Component versioning
Published 31 July 2019
Component versioning involves keeping track of the current state of an object or group of objects in the database, so that consumers know how to talk to the current state.
This approach involves updating consumers in advance of database changes, allowing these database changes to be performed in a simpler manner without the need for backwards compatibility logic.
Application developers can instead write this logic in their native language.
Using a dedicated table and static data
Component versioning consists of creating a table dedicated to holding the versions of different components within the system, where a component could be an individual object, a group of objects (for example, all the objects in a schema), or the whole database.

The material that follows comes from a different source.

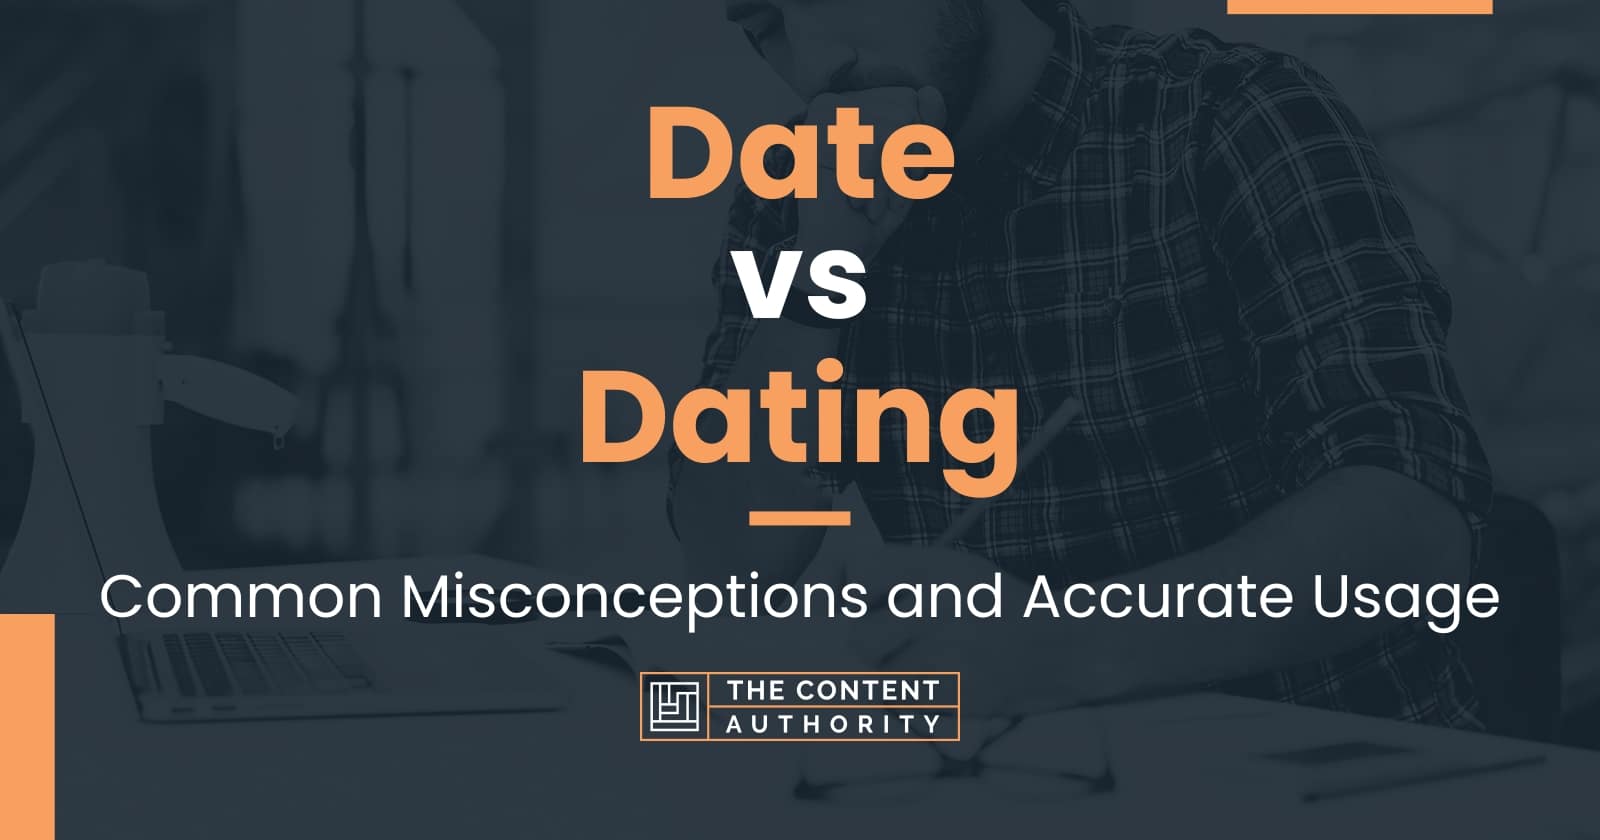 Date Vs Dating Common Misconceptions And Accurate Usage

The data is stored statically so it can be controlled as a schema change.
Whenever a release is needed, versions can be updated in the same transaction as the accompanying object changes they represent.
Known issues
Programmable objects do not work well with component versioning and should be avoided.

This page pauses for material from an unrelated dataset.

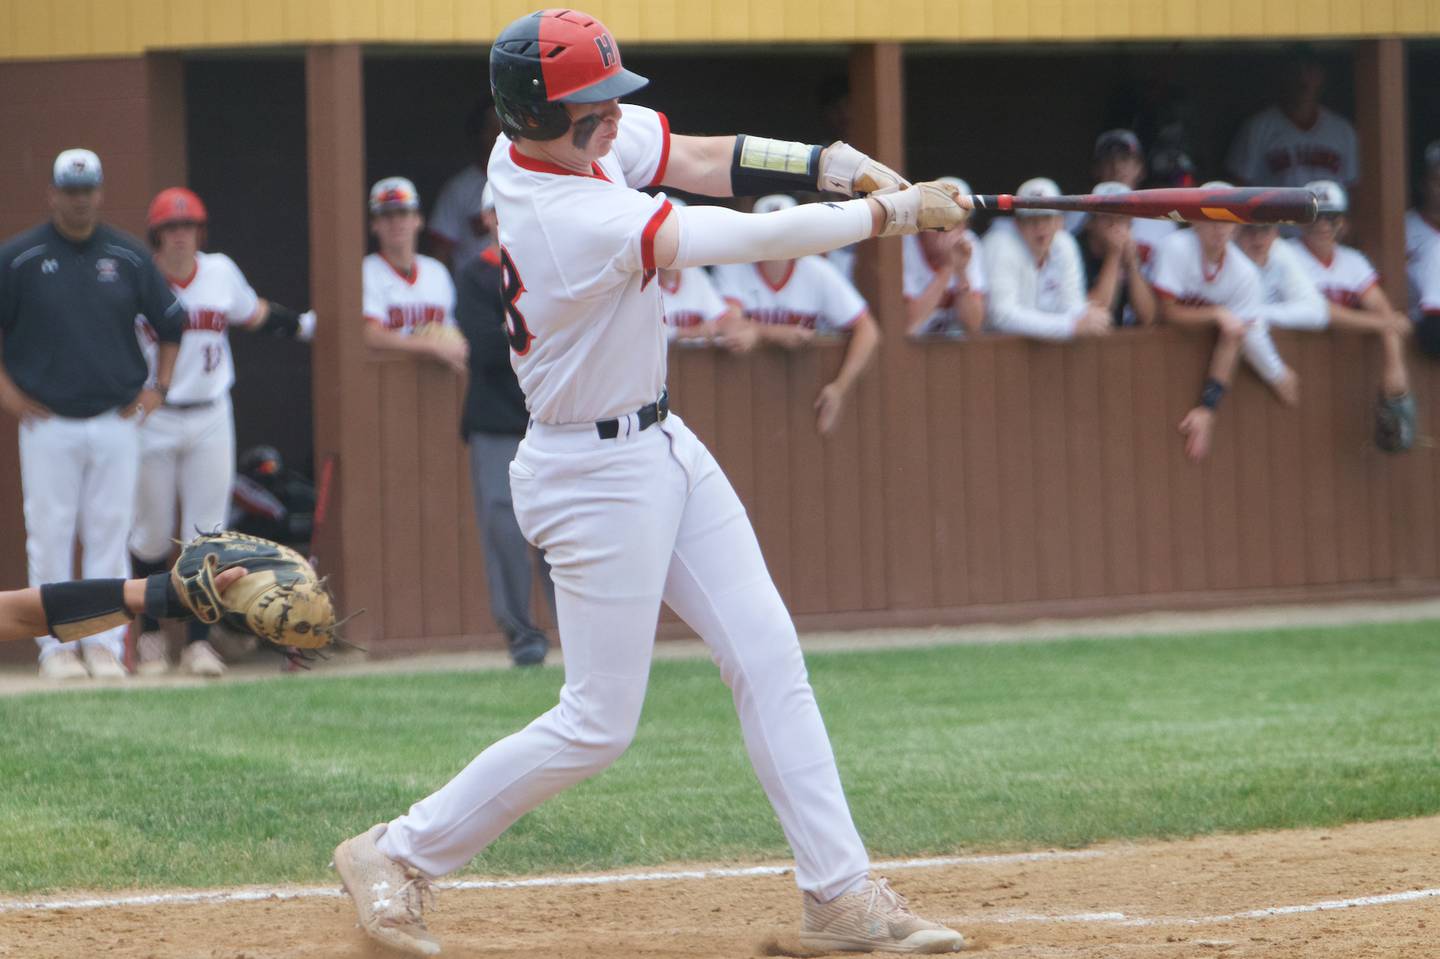 Huntley's A.J. Putty connects for a three-run home run against McHenry at the Class 4A Sectional Final on June 4, 2022 in Algonquin.

If any custom transaction handling is needed, it is near impossible to group programmable object changes into the same transaction as changes in migration scripts.
They will by default run in the same transaction as the last migration, but where transaction customization is needed in the migration scripts this can’t be guaranteed to be correct.You cannot deploy iteratively (that is there can be no intermediate steps during deployment, as we always just delete the object and replace it with the latest version after all the migrations have run). This can be needed to ensure backward compatibility.
Combining the programmable objects feature and component versioning magnifies the dependency ordering issue between programmable and non-programmable objects.